AI ACTUALLY
Issue No. 18 — Sunday, June 14, 2026
On Tuesday, Anthropic handed the public the most capable AI model it had ever released. On Friday at 5:21 p.m., the US government told it to switch the thing off — and within hours, it was gone for everyone on Earth. That, plus a rocket company becoming worth $2 trillion, Jeff Bezos quietly spending $41 billion to automate engineers, and a pocket translator straight out of science fiction. Coffee first. Then this.

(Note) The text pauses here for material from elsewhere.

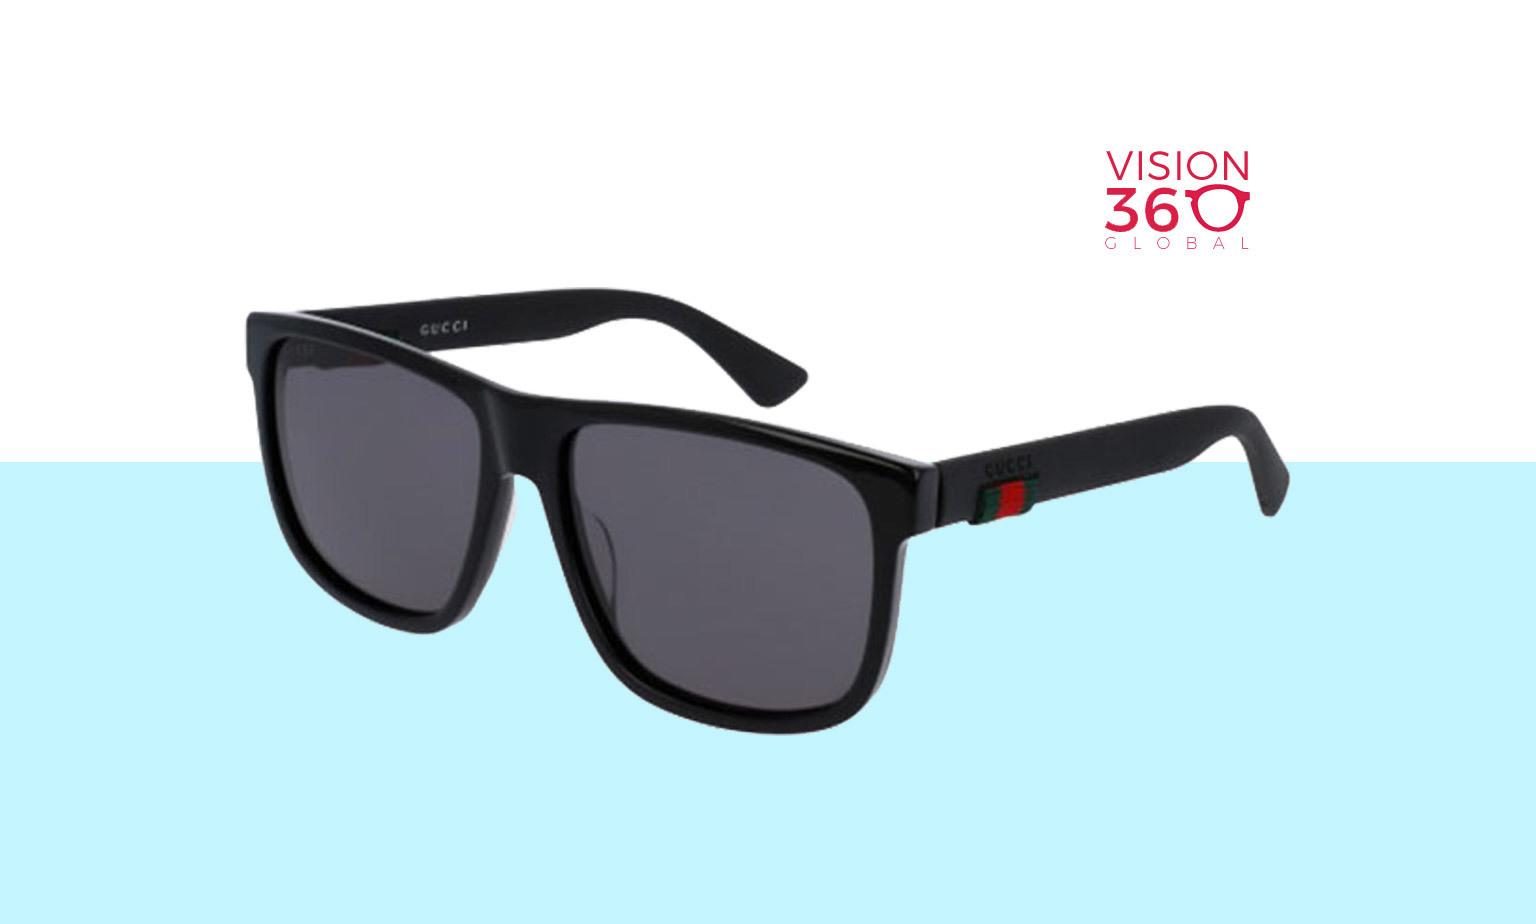 20% off at Vision 360 Global*

The most powerful AI the public ever got lasted three days
On Tuesday, Anthropic released Claude Fable 5, which it billed as the most capable model it had ever made generally available — a new tier it calls “Mythos-class,” strong at software, science, and finding flaws in code. Alongside it came Mythos 5: the same model with a few guardrails loosened for vetted cybersecurity and biology users.
Then, per Anthropic’s own statement, a government export-control order arrived Friday at 5:21 p.m. Eastern. Citing “national security,” it barred any foreign national anywhere — including Anthropic’s own foreign employees — from using either model. There was no clean way to enforce that, so Anthropic did the one thing that guaranteed compliance: it disabled both models for everyone, worldwide, within hours. Every other Claude model kept running.
The trigger, as far as Anthropic can tell, is a “jailbreak” — a trick for getting Fable to slip its own guardrails and hunt for software vulnerabilities. Anthropic says it watched a demo, found the technique surfaced a handful of already-known, minor flaws, and that other public models can do the same. It’s complying, but it disagrees, warning that if this became the standard it would “essentially halt all new model deployments” across the industry. It also apologized and called the whole thing a misunderstanding. A model hundreds of millions of people could use Friday morning was gone by Friday night — and the company that built it didn’t make the call.
Why it matters. The interesting part isn’t the jailbreak. It’s that a private company built something, marketed it as powerfully dangerous, and the government took it at its word and reached for an off switch nobody knew existed. For one weekend, the most advanced AI available to the public wasn’t controlled by the company that made it or the people paying for it. It was controlled by a letter.
Anthropic’s CEO wants to be regulated. Harder.
Days before the shutdown, Anthropic CEO Dario Amodei published an essay arguing that AI now moves faster than anyone governing it. He opened by comparing Washington to Treebeard, the Lord of the Rings tree so slow that saying hello takes all afternoon. His fix is an odd thing to hear from someone running a market leader: regulate me, and do it faster.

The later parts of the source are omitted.